When Welcome Takes Shape

A story to serve as an analogy:

Earlier this year, while visiting Durham, North Carolina, I had the chance to stay in a tiny house. Not a small house – a tiny house: a self-contained residential unit of about 300–400 square feet.

And I fell in love with this cozy space.

Yes, it was small. But it was also deeply intentional. Everything had a place. Everything had a purpose. There was a kind of calm built into the space – a quiet coherence you could feel the moment you stepped inside. When you live in a place that small, you can only keep so much. What remains has to matter, whether functionally, aesthetically, or personally. There isn’t room for excess, or for things that don’t belong.

What surprised me most was how much that tiny house stayed with me after I left.

I don’t live in a large house, but it’s much bigger than that space. And still, I found myself thinking: what would it mean if every room in my home felt the way that tiny house felt?

So recently, I’ve been rearranging and reimagining my space. I’ve been more deliberate about what I bring into each room. Photos of people I love. Images from nature that steady me. Fewer things overall, and more intention behind the things that remain.

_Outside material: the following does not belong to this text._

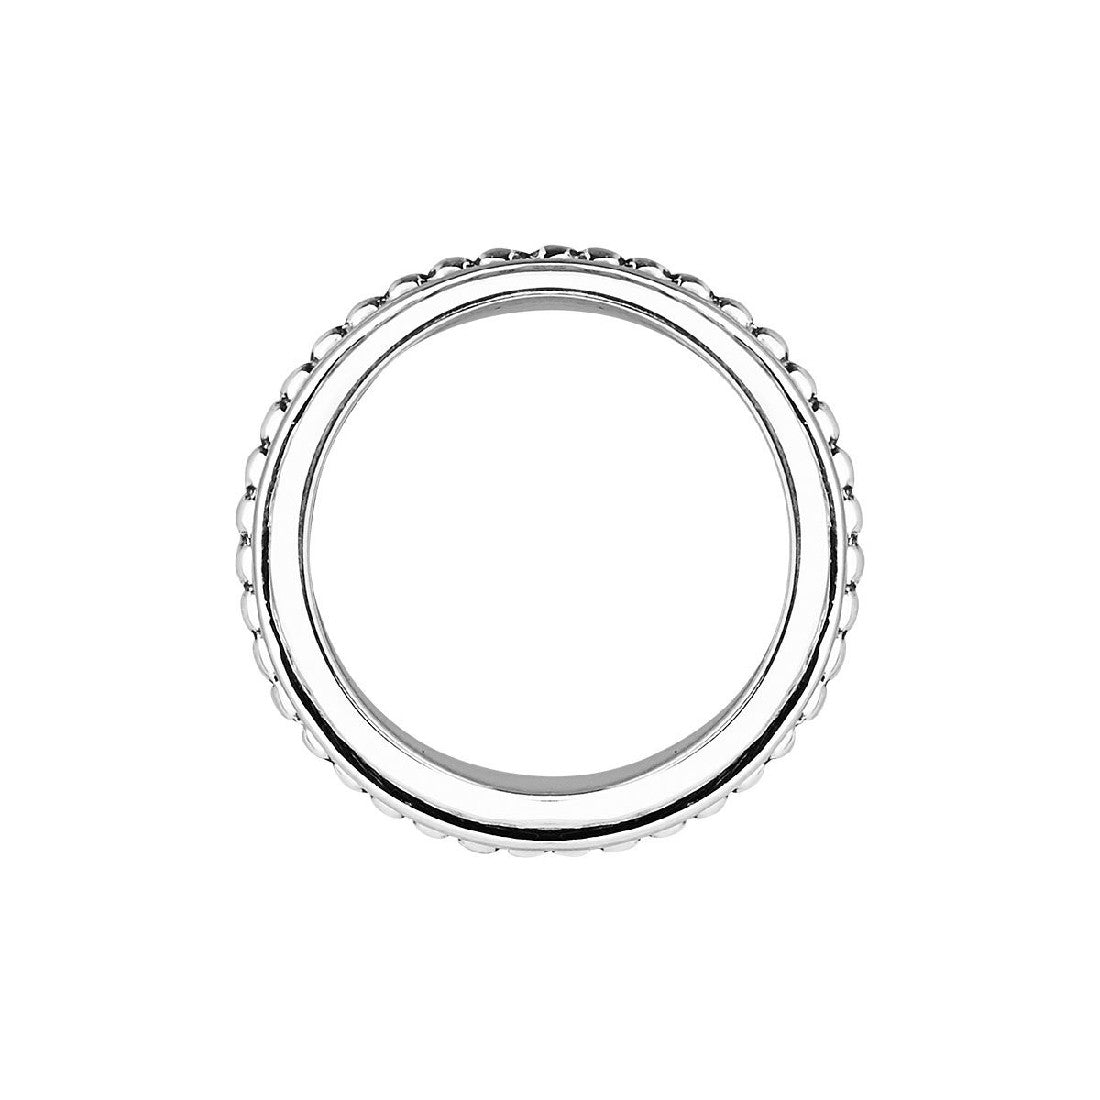 NAJO SILVER 15MM WIDE RING 3 SPINNING BANDS LARGE

Here’s where I’m going with this: the feeling I experienced last spring didn’t disappear. It took shape. It transformed the rooms of my house.

And that’s what has stayed with me.

Communities can do that for people too. They can make us feel welcome. They can make us feel at ease. They can offer a sense of belonging that settles into our bodies and stays there long after we’ve left.

If a small, intentional space can reshape how we inhabit our own homes, what might be possible in the communities we build with one another?

What might take form – slowly, unexpectedly – if we created spaces of care and connection so thoughtfully that people carried them into places we could never predict?